══ Material supplied ══
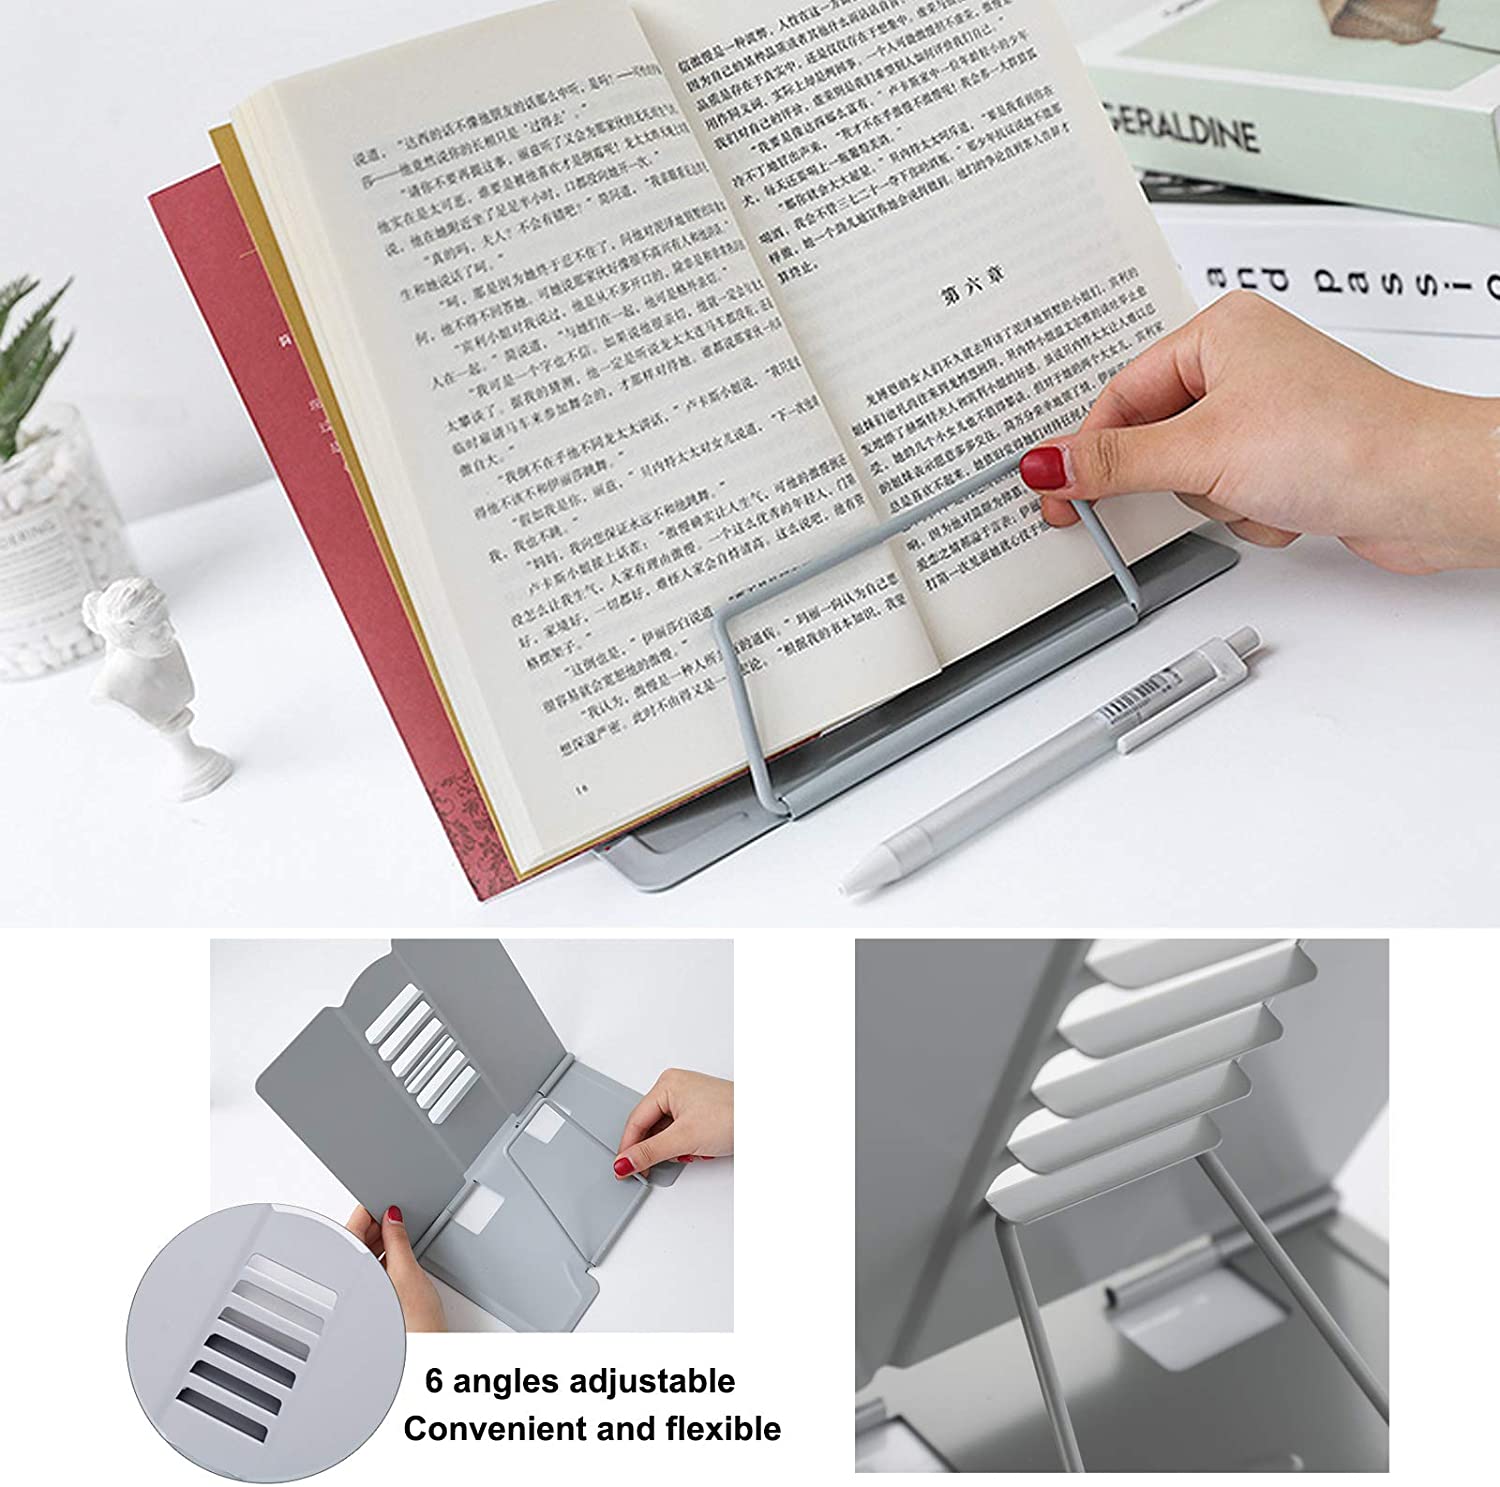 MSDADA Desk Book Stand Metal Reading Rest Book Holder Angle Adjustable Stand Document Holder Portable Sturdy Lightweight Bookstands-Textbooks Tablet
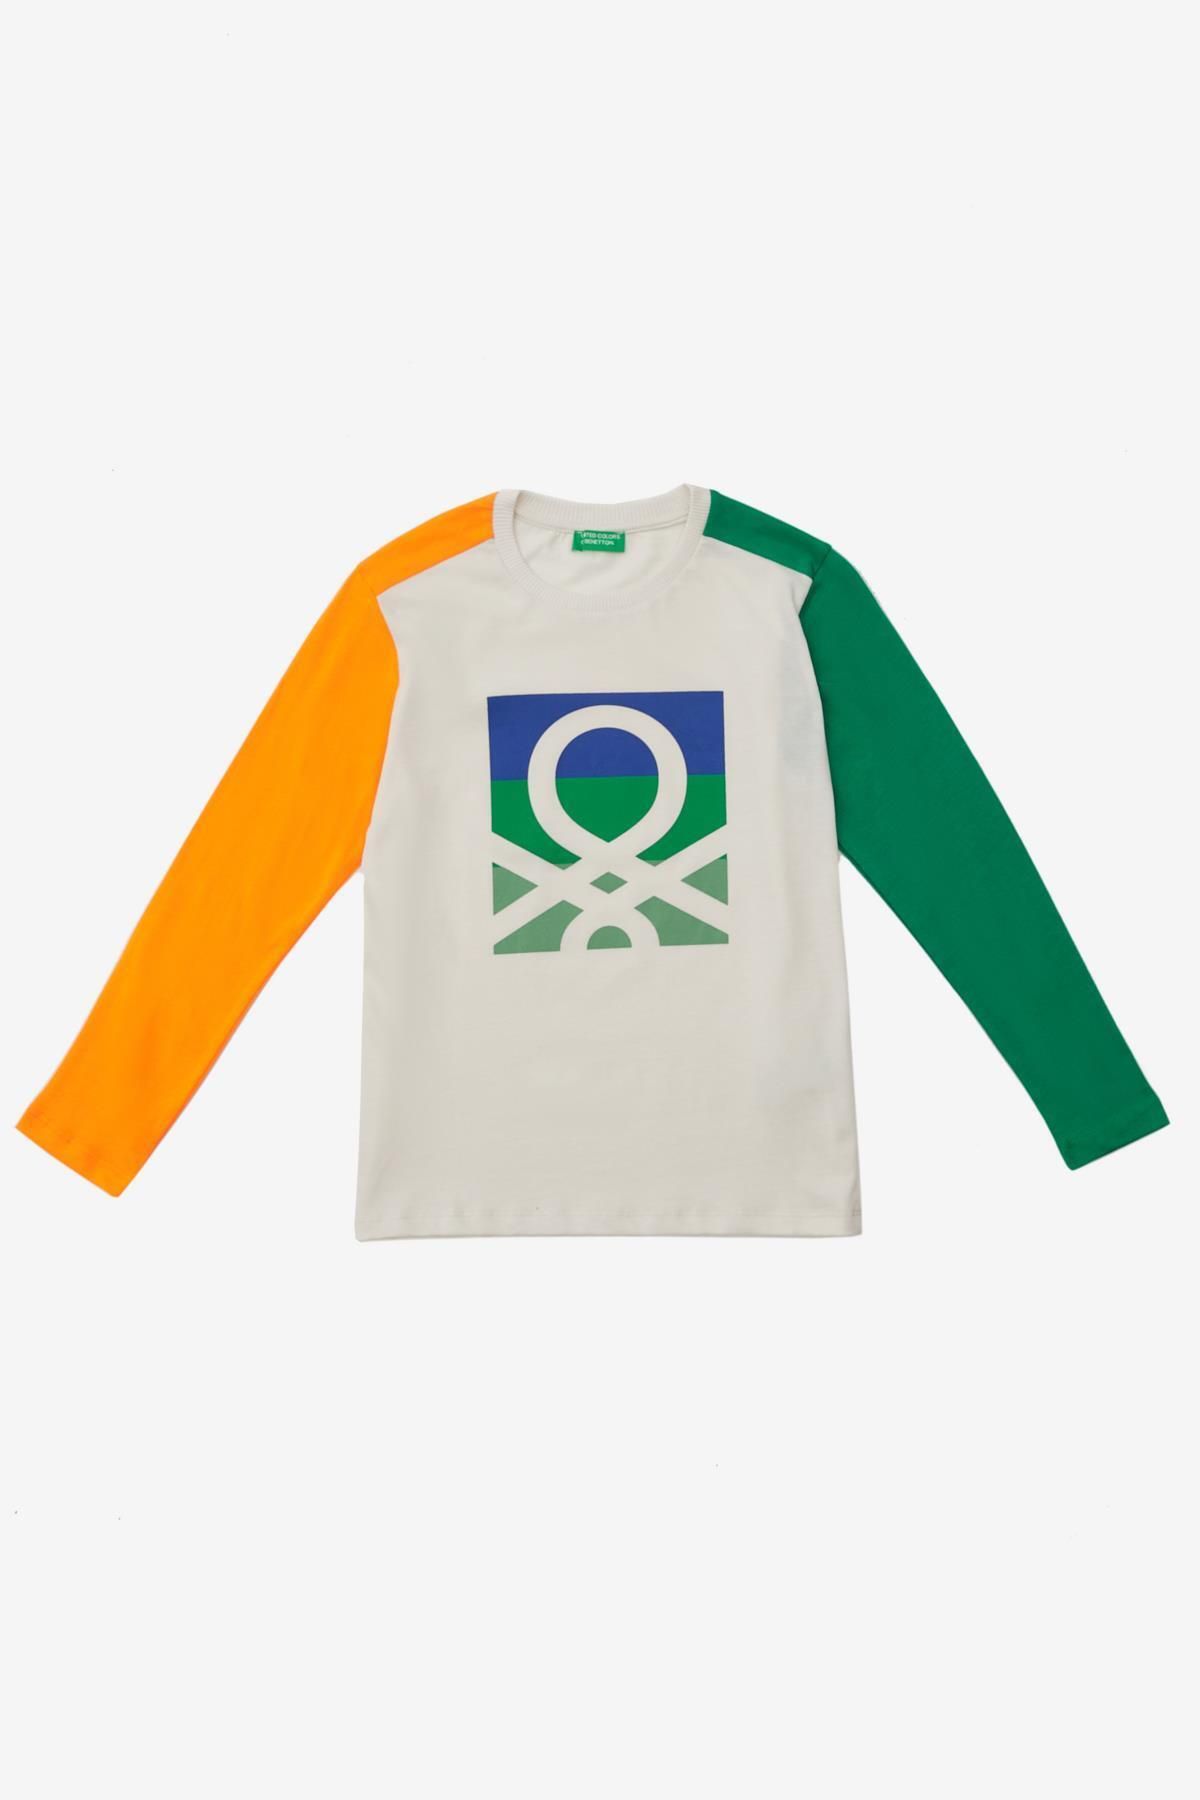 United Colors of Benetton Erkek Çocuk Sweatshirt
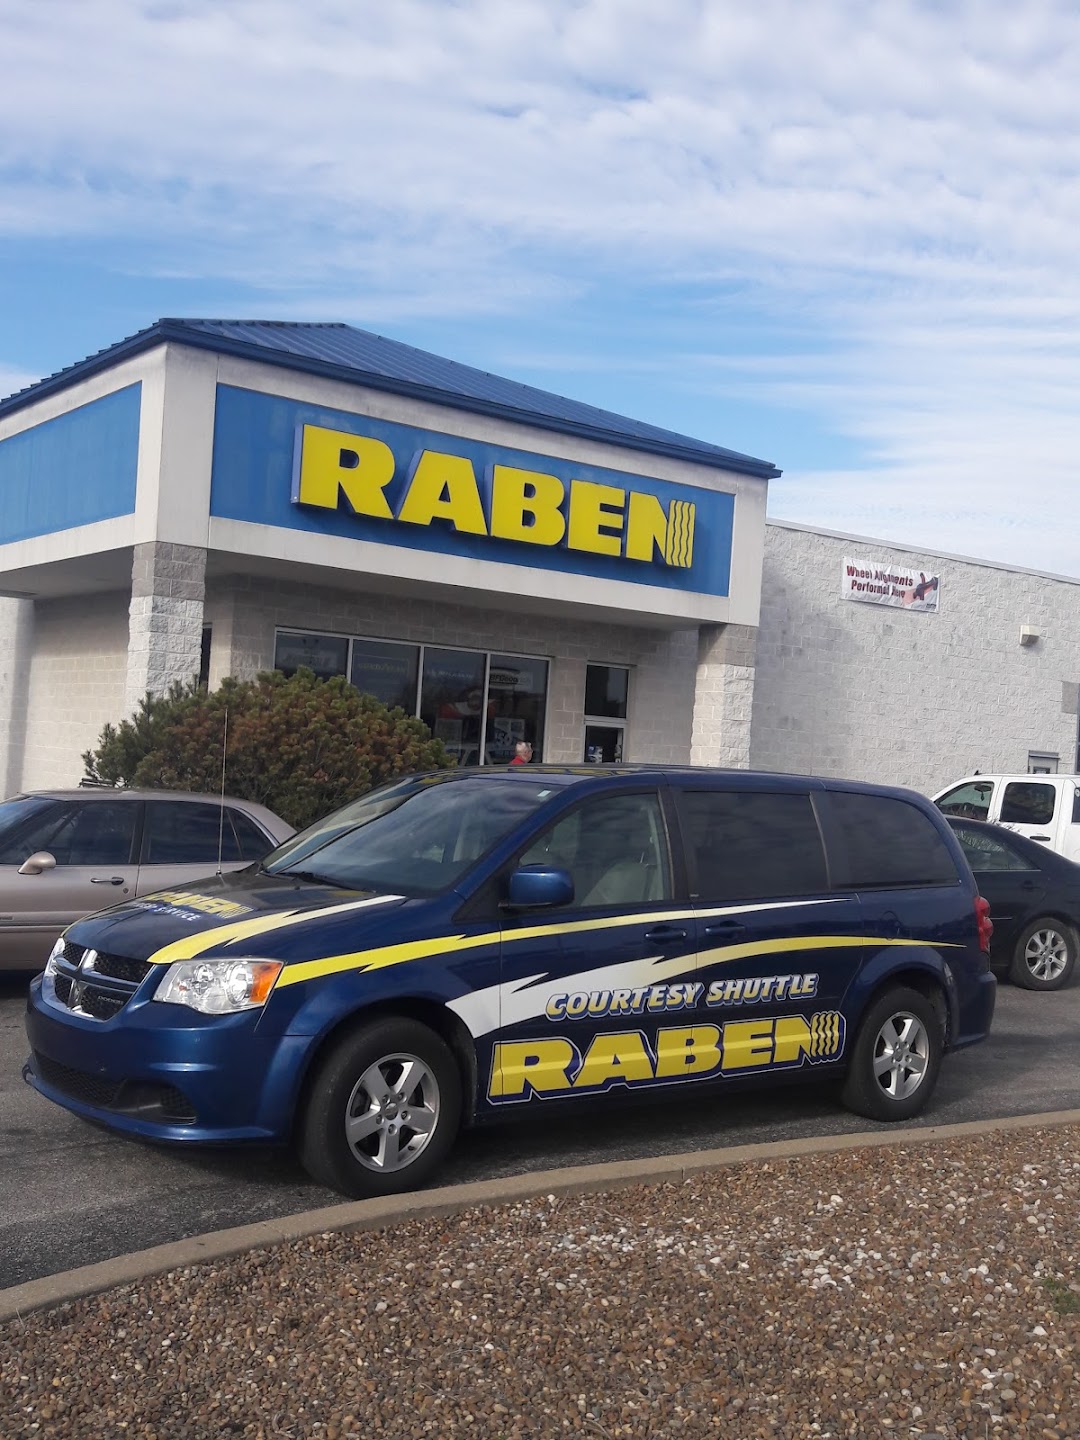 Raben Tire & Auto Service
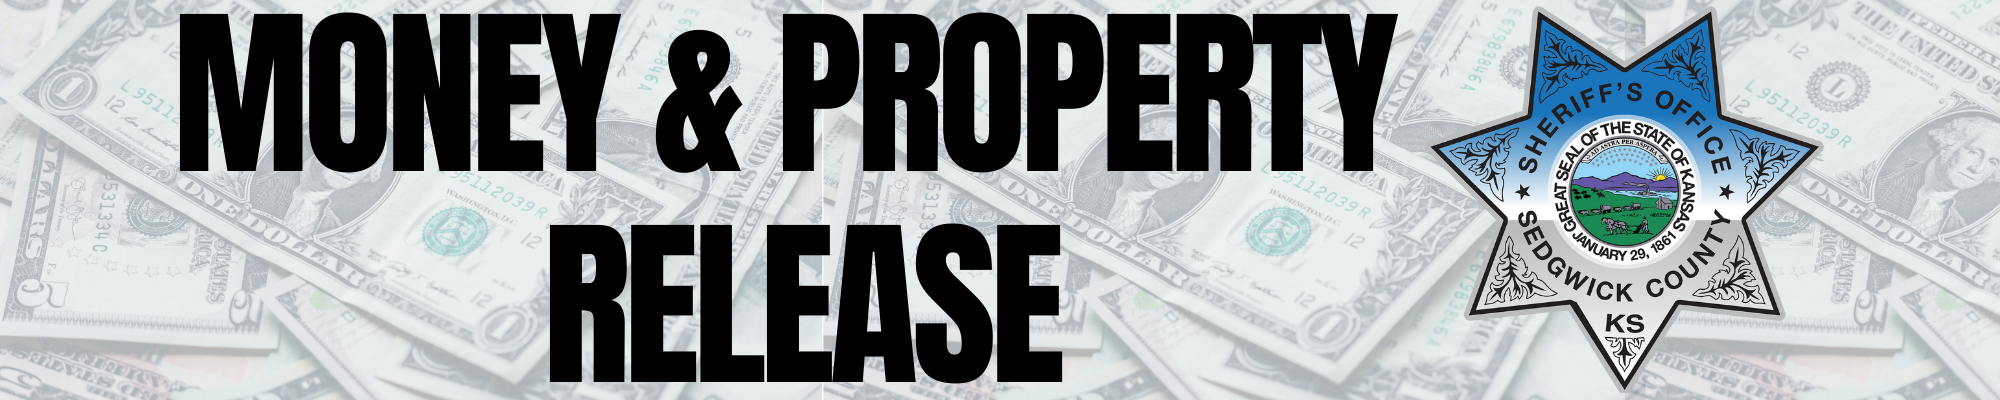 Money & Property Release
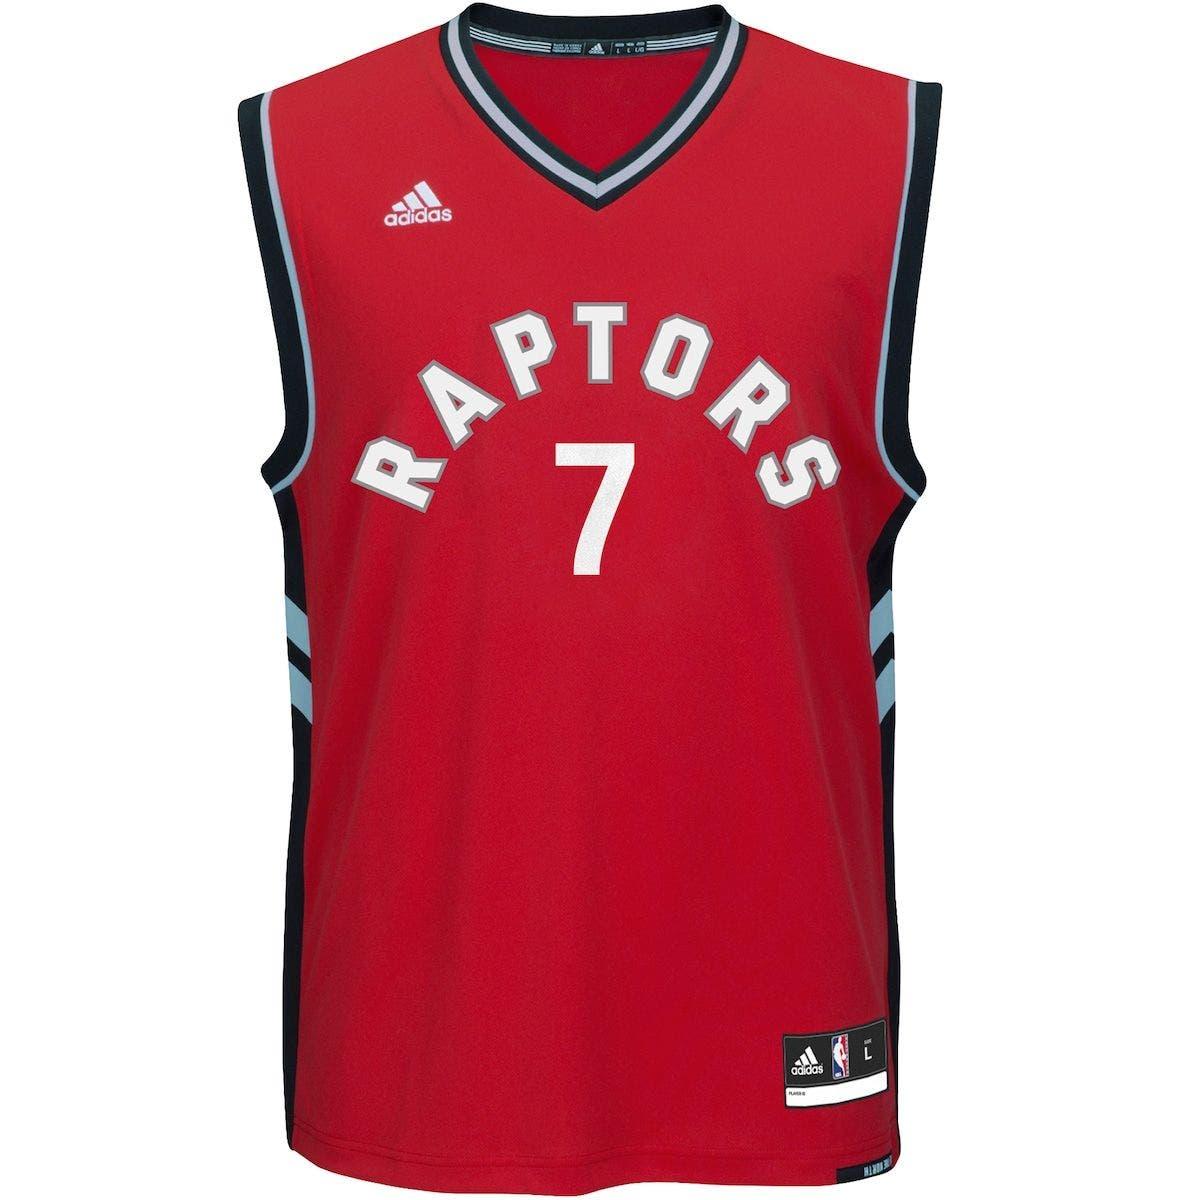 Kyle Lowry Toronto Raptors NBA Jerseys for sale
═══
» **Directions**
A verbatim transcript of the entries above is required, with the pictures left out.

» **Written answer**
 MSDADA Desk Book Stand Metal Reading Rest Book Holder Angle Adjustable Stand Document Holder Portable Sturdy Lightweight Bookstands-Textbooks Tablet
 United Colors of Benetton Erkek Çocuk Sweatshirt
 Raben Tire & Auto Service
 Money & Property Release
 Kyle Lowry Toronto Raptors NBA Jerseys for sale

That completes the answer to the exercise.